WORK TO BE COMPLETED:
Below this line are records; transcribe exactly the lines between the one holding "TISHA: Hi five dating site" and the one holding "CLIP ON Cutie", inclusive, and omit the pictures.

RECORD EXCERPTS:
##############################

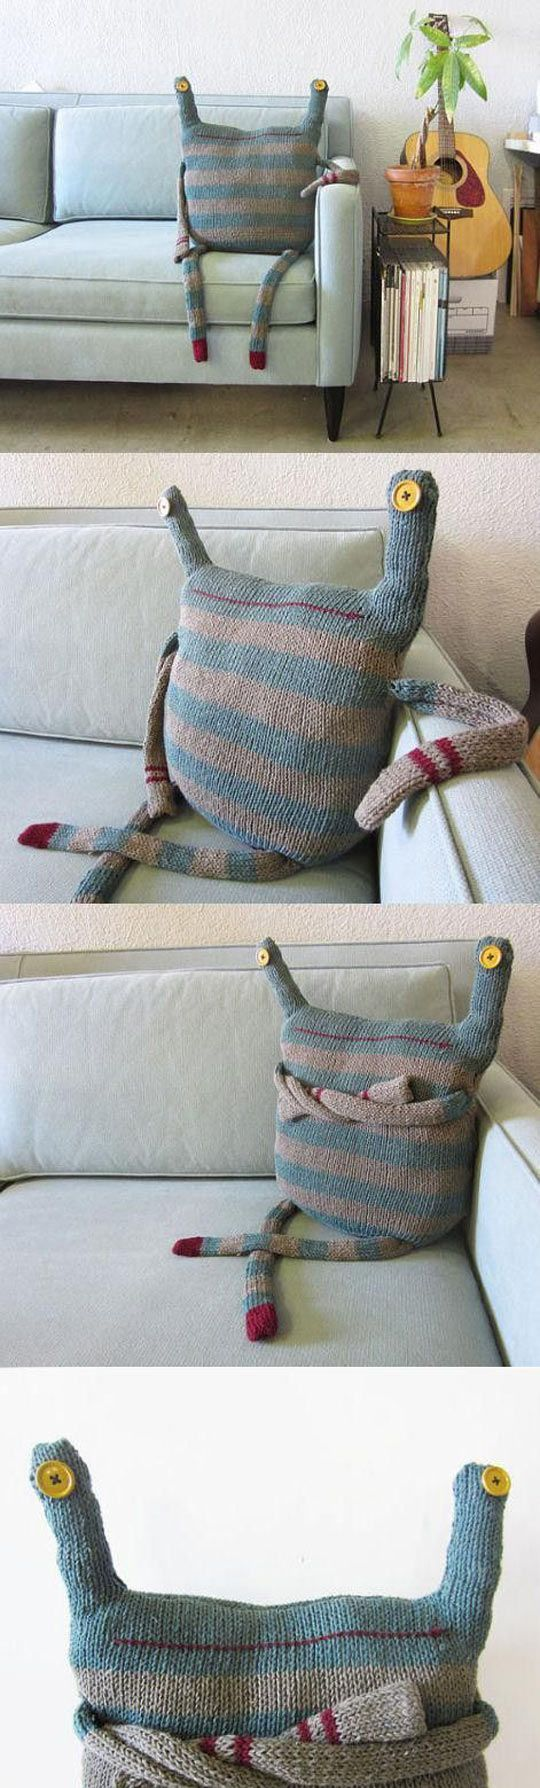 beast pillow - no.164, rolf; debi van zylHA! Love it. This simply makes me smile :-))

##############################

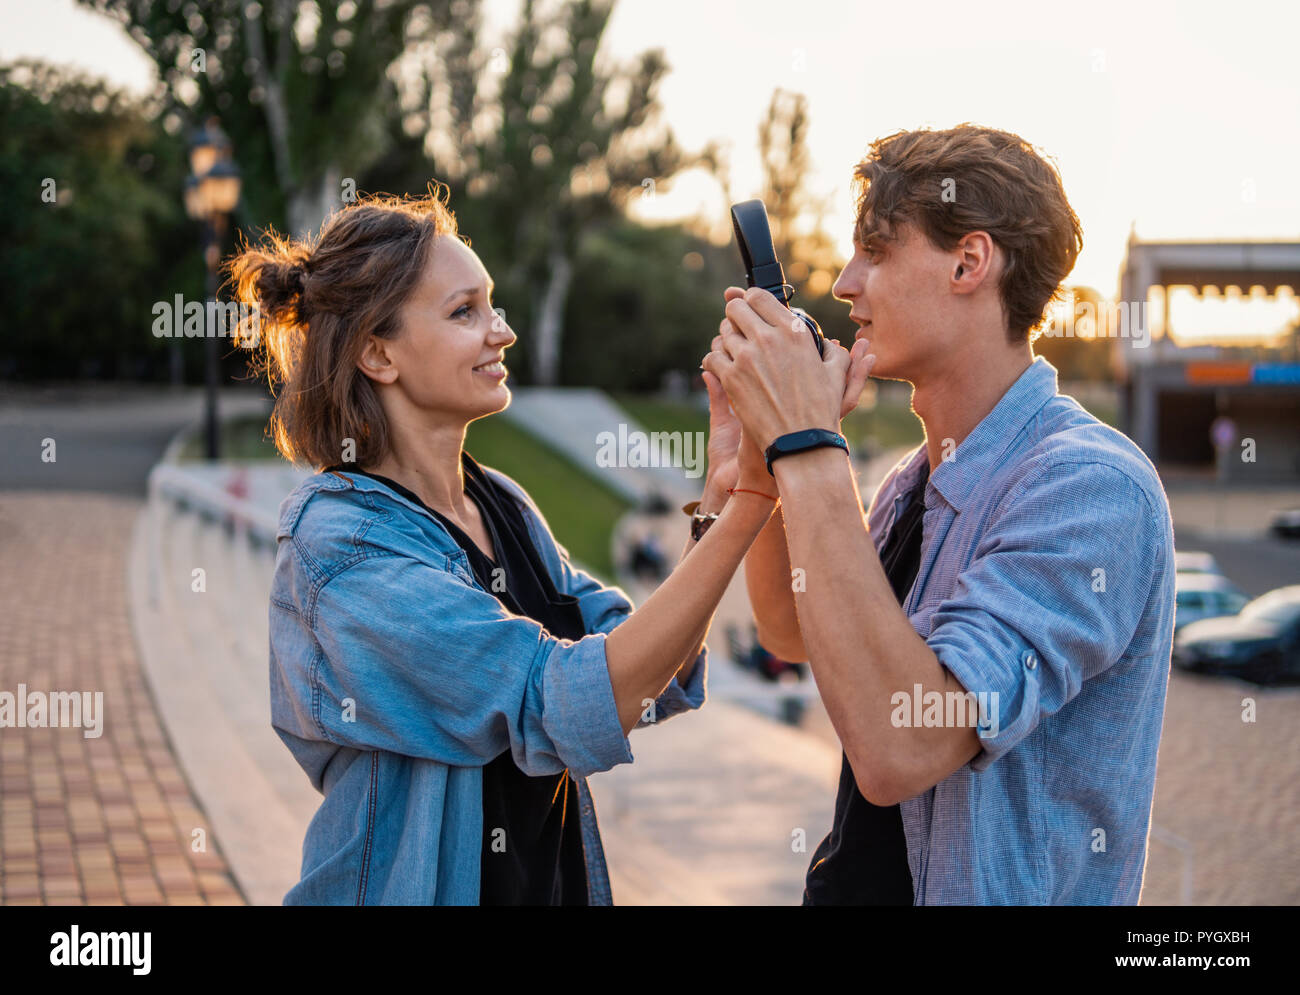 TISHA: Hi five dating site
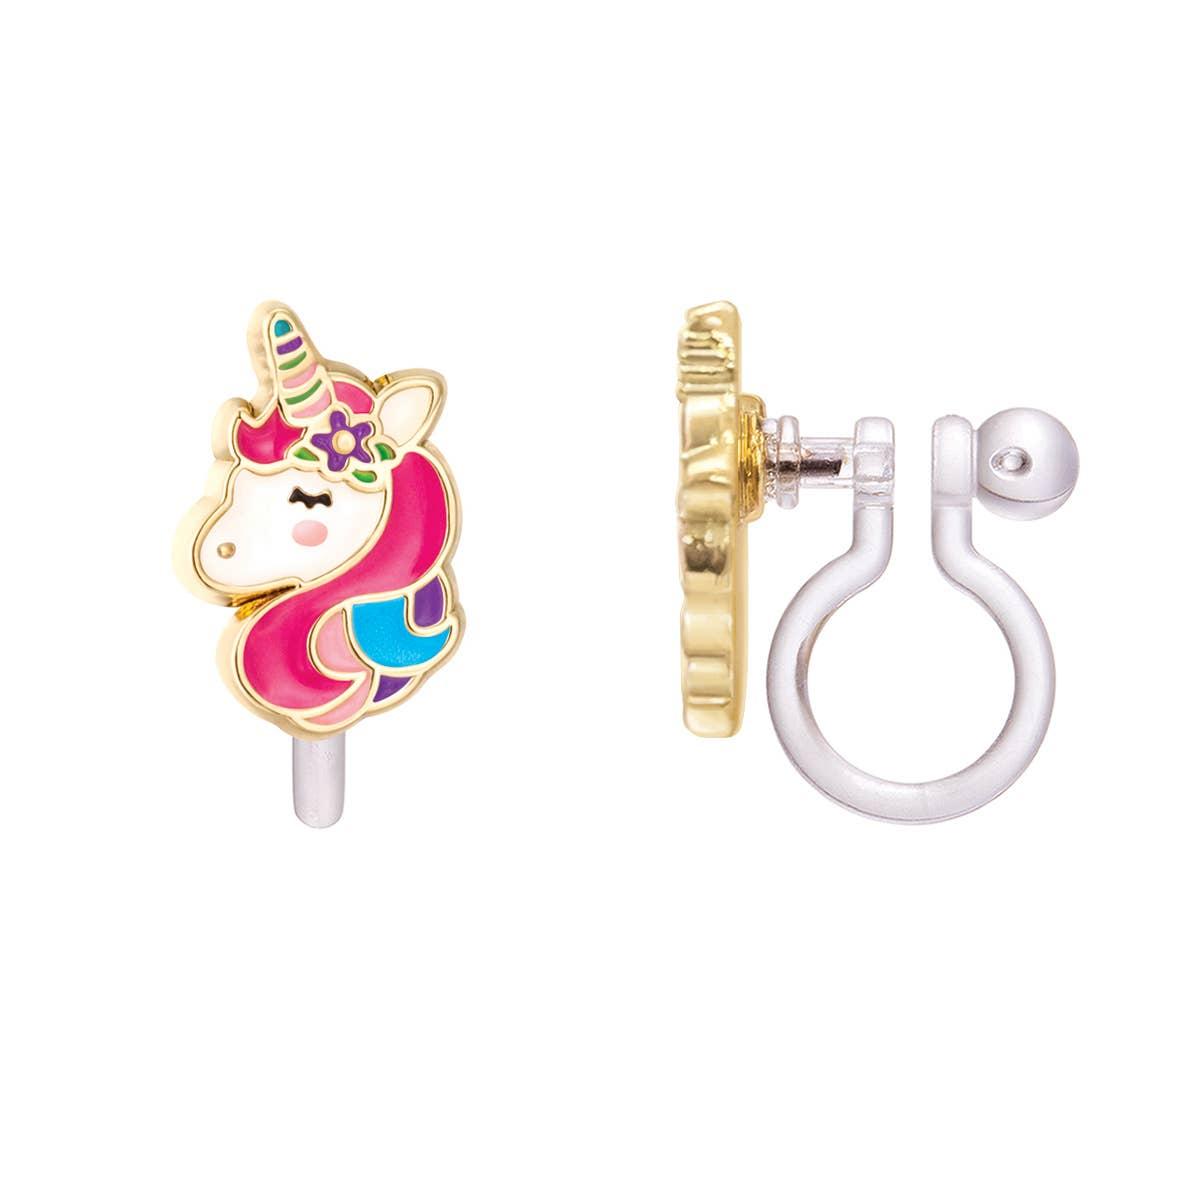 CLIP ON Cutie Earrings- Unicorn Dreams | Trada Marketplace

##############################

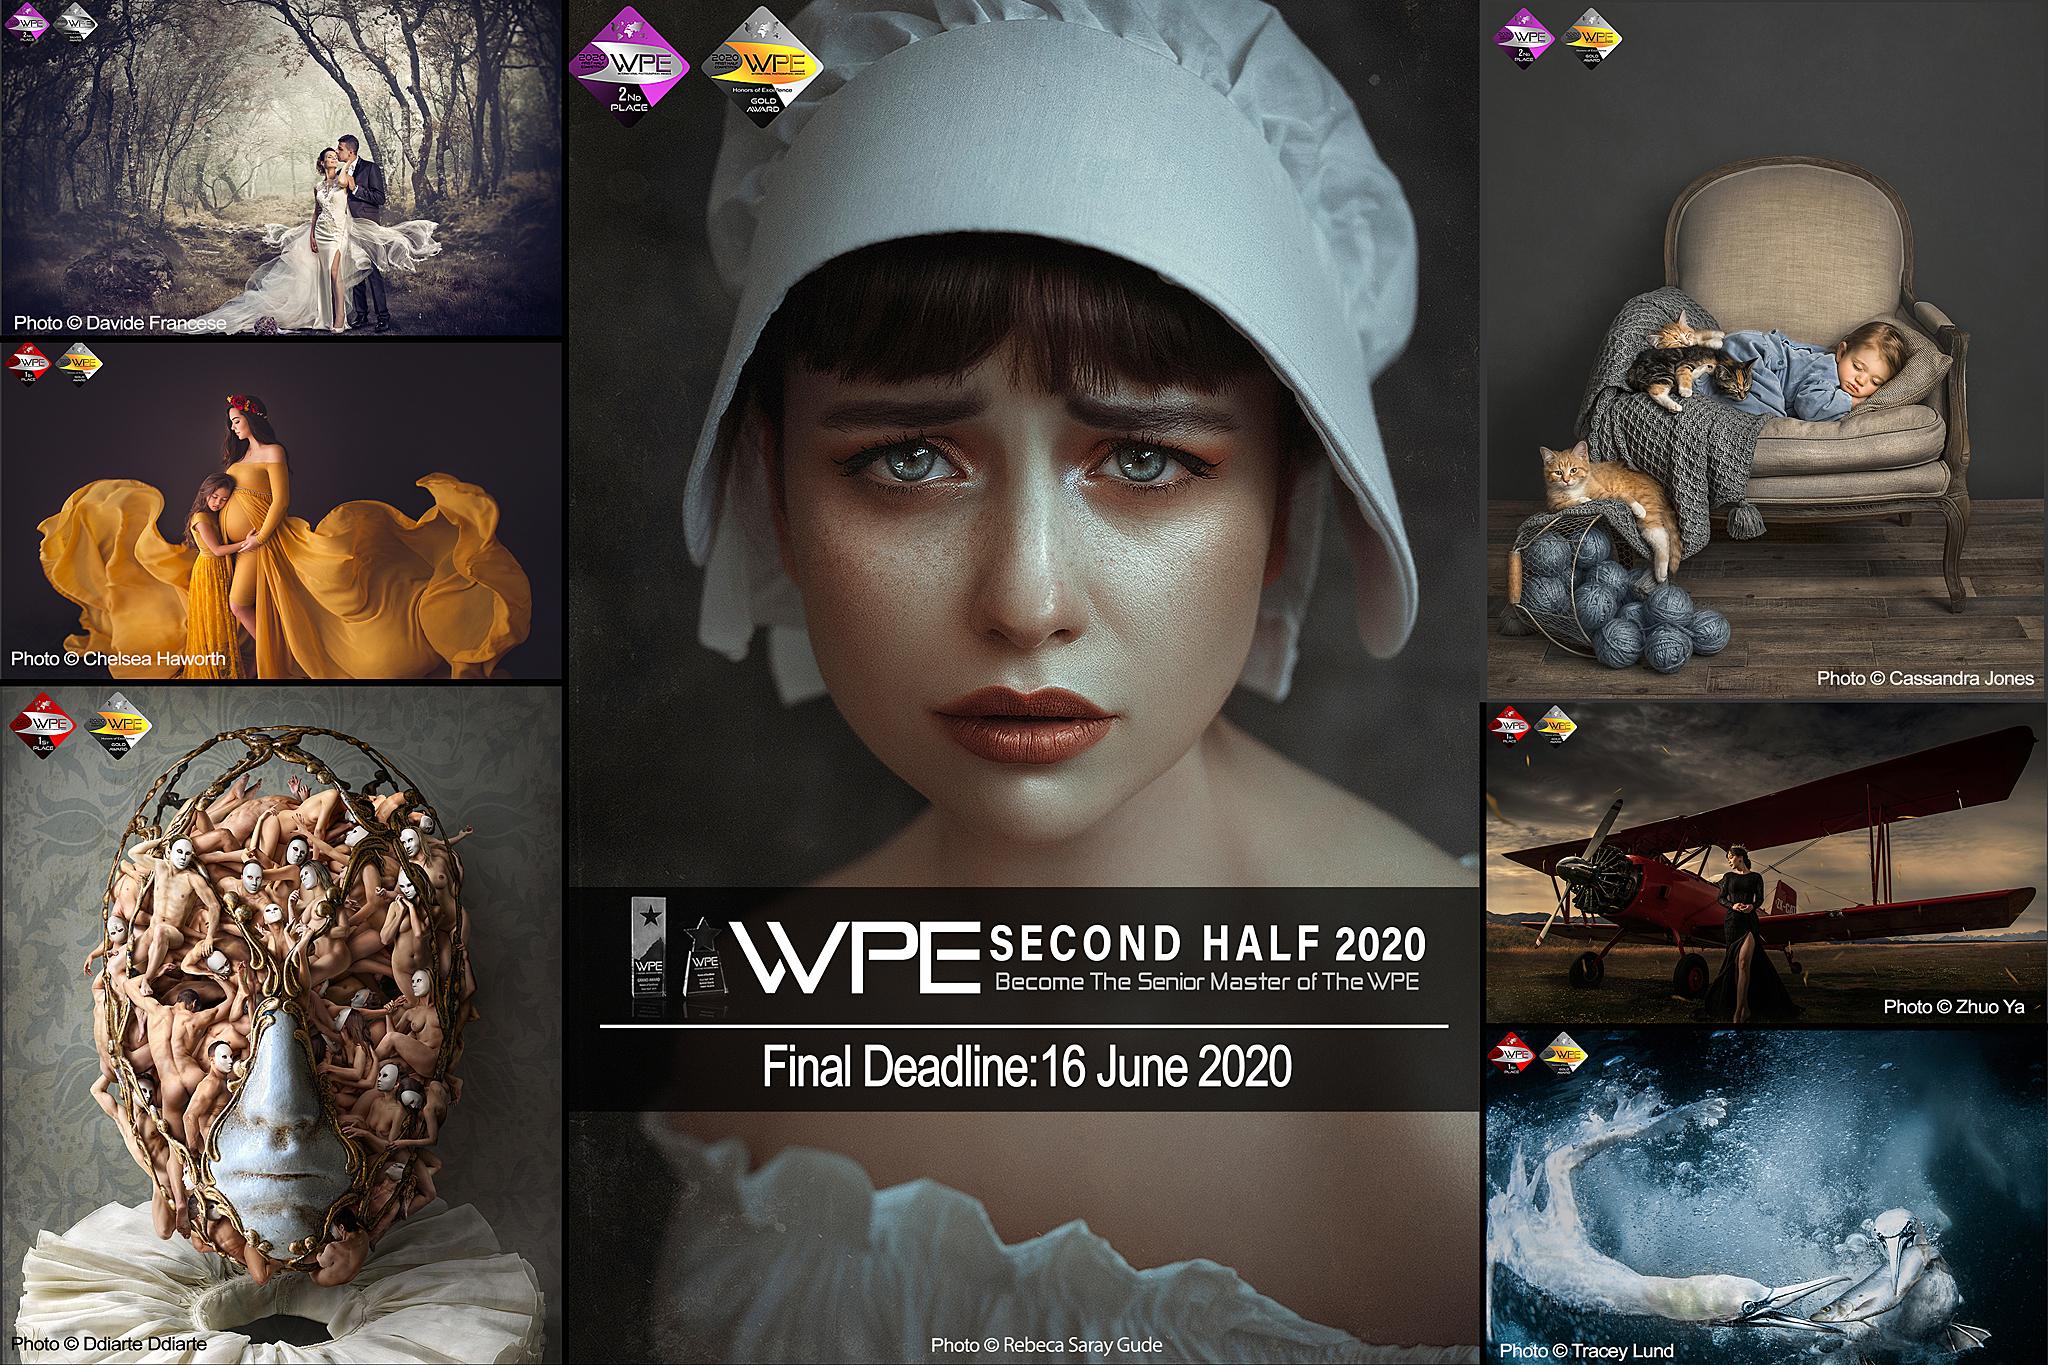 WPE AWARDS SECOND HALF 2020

##############################

EXERCISE ANSWER:
 TISHA: Hi five dating site
 CLIP ON Cutie Earrings- Unicorn Dreams | Trada Marketplace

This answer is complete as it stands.